Карандышев. Уж вы слишком невзыскательны. Кнуров и Вожеватов мечут жеребий, кому вы достанетесь, играют в орлянку – и это не оскорбление? Хороши ваши приятели! Какое уважение к вам! Они не смотрят на вас, как на женщину, как на человека, – человек сам располагает своей судьбой; они смотрят на вас, как на вещь. Ну, если вы вещь, – это другое дело. Вещь, конечно, принадлежит тому, кто ее выиграл, вещь и обижаться не может.

Лариса (глубоко оскорбленная) . Вещь… да, вещь! Они правы, я вещь, а не человек. Я сейчас убедилась в том, я испытала себя… я вещь! (С горячностью.) Наконец слово для меня найдено, вы нашли его. Уходите! Прошу вас, оставьте меня!

Карандышев. Оставить вас? Как я вас оставлю, на кого я вас оставлю?

Лариса. Всякая вещь должна иметь хозяина, я пойду к хозяину.

Карандышев (с жаром) . Я беру вас, я ваш хозяин. (Хватает ее за руку.)

Лариса (оттолкнув его) . О, нет! Каждой вещи своя цена есть… Ха, ха, ха… я слишком, слишком дорога для вас.

Карандышев. Что вы говорите! мог ли я ожидать от вас таких бесстыдных слов?

Лариса (со слезами) . Уж если быть вещью, так одно, утешение – быть дорогой, очень дорогой. Сослужите мне последнюю службу: подите пошлите ко мне Кнурова.

Карандышев. Что вы, что вы, опомнитесь!

Лариса. Ну, так я сама пойду.

Карандышев. Лариса Дмитриевна! Остановитесь! Я вас прощаю, я все прощаю.

Лариса (с горькой улыбкой) . Вы мне прощаете? Благодарю вас. Только я-то себе не прощаю, что вздумала связать судьбу свою с таким ничтожеством, как вы.

Карандышев. Уедемте, уедемте сейчас из этого города, я на все согласен.

Лариса. Поздно. Я вас просила взять меня поскорей из цыганского табора, вы не умели этого сделать; видно, мне жить и умереть в цыганском таборе.
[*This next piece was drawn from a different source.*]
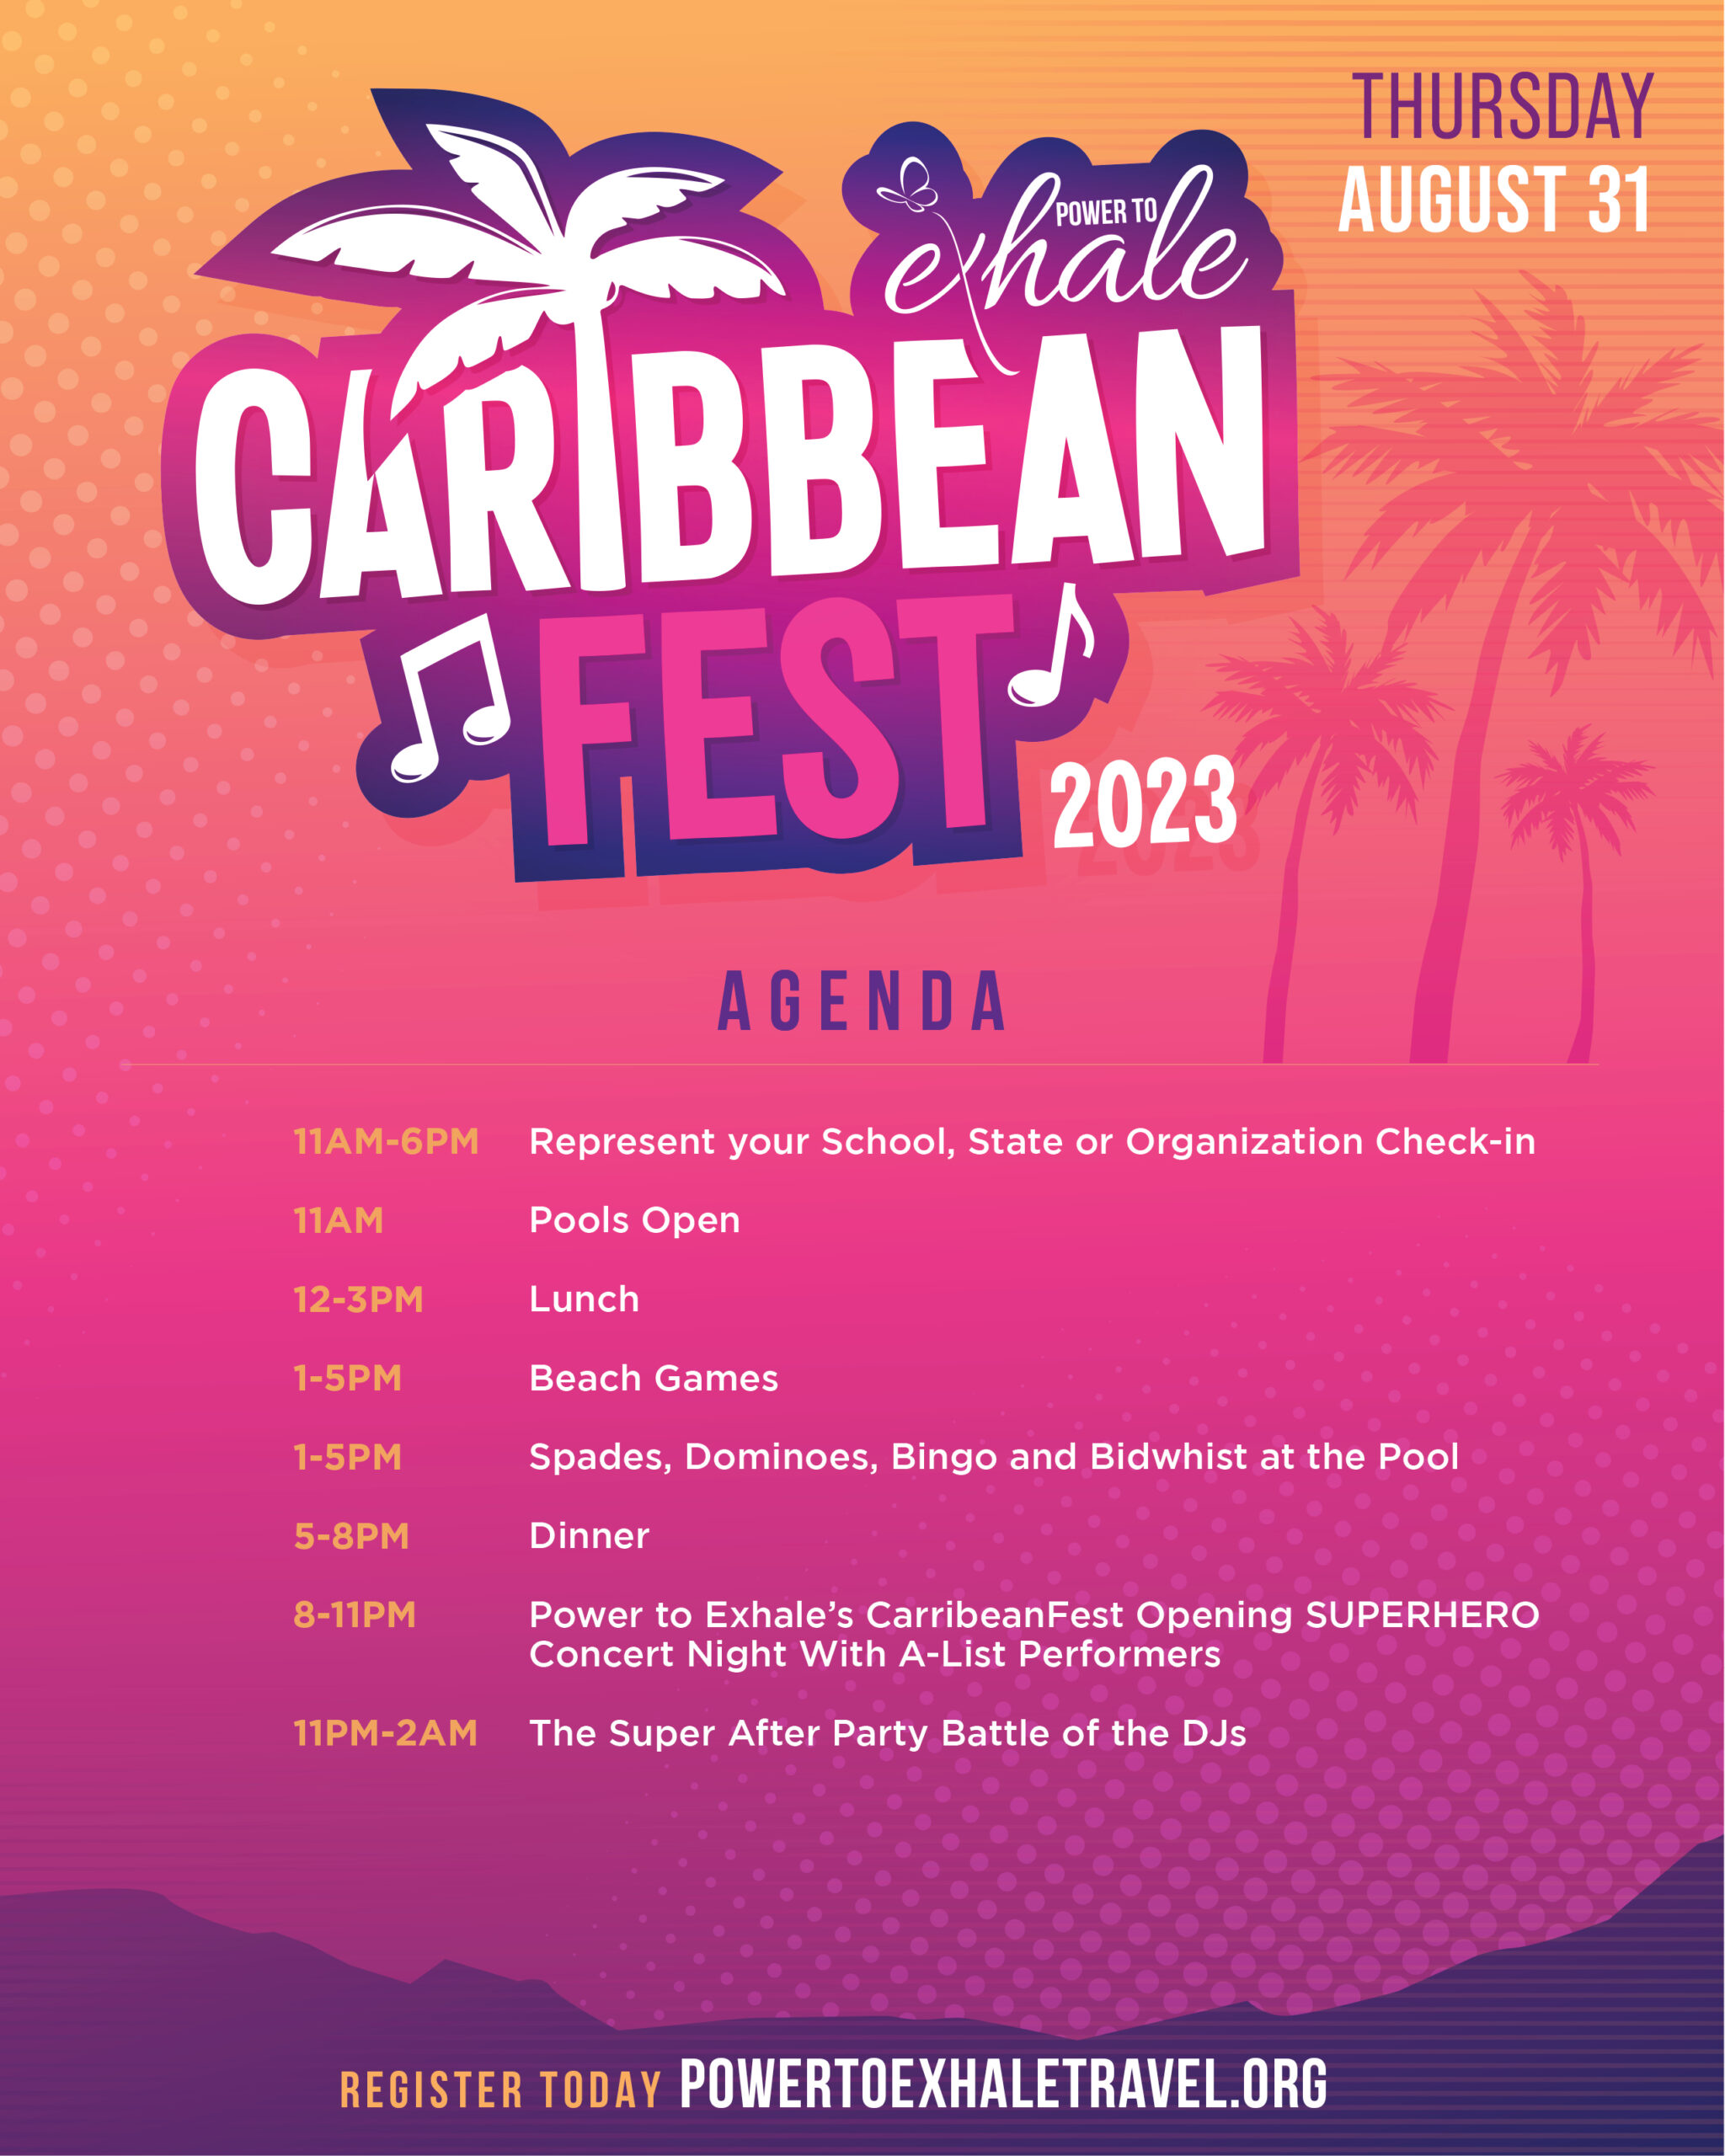 Flyer_CaribbeanFest_Agenda_Thur

Карандышев. Ну, я вас умоляю, осчастливьте меня.

Лариса. Поздно. Уж теперь у меня перед глазами заблестело золото, засверкали бриллианты.

Карандышев. Я готов на всякую жертву, готов терпеть всякое унижение для вас.

Лариса (с отвращением) . Подите, вы слишком мелки, слишком ничтожны для меня.

Карандышев. Скажите же: чем мне заслужить любовь вашу? (Падает на колени.) Я вас люблю, люблю.

Лариса. Лжете. Я любви искала и не нашла. На меня смотрели и смотрят, как на забаву. Никогда никто не старался заглянуть ко мне в душу, ни от кого я не видела сочувствия, не слыхала теплого, сердечного слова. А ведь так жить холодно. Я не виновата, я искала любви и не нашла… ее нет на свете… нечего и искать. Я не нашла любви, так буду искать золота. Подите, я вашей быть не могу.

Карандышев (вставая) . О, не раскайтесь! (Кладет руку за борт сюртука.) Вы должны быть моей.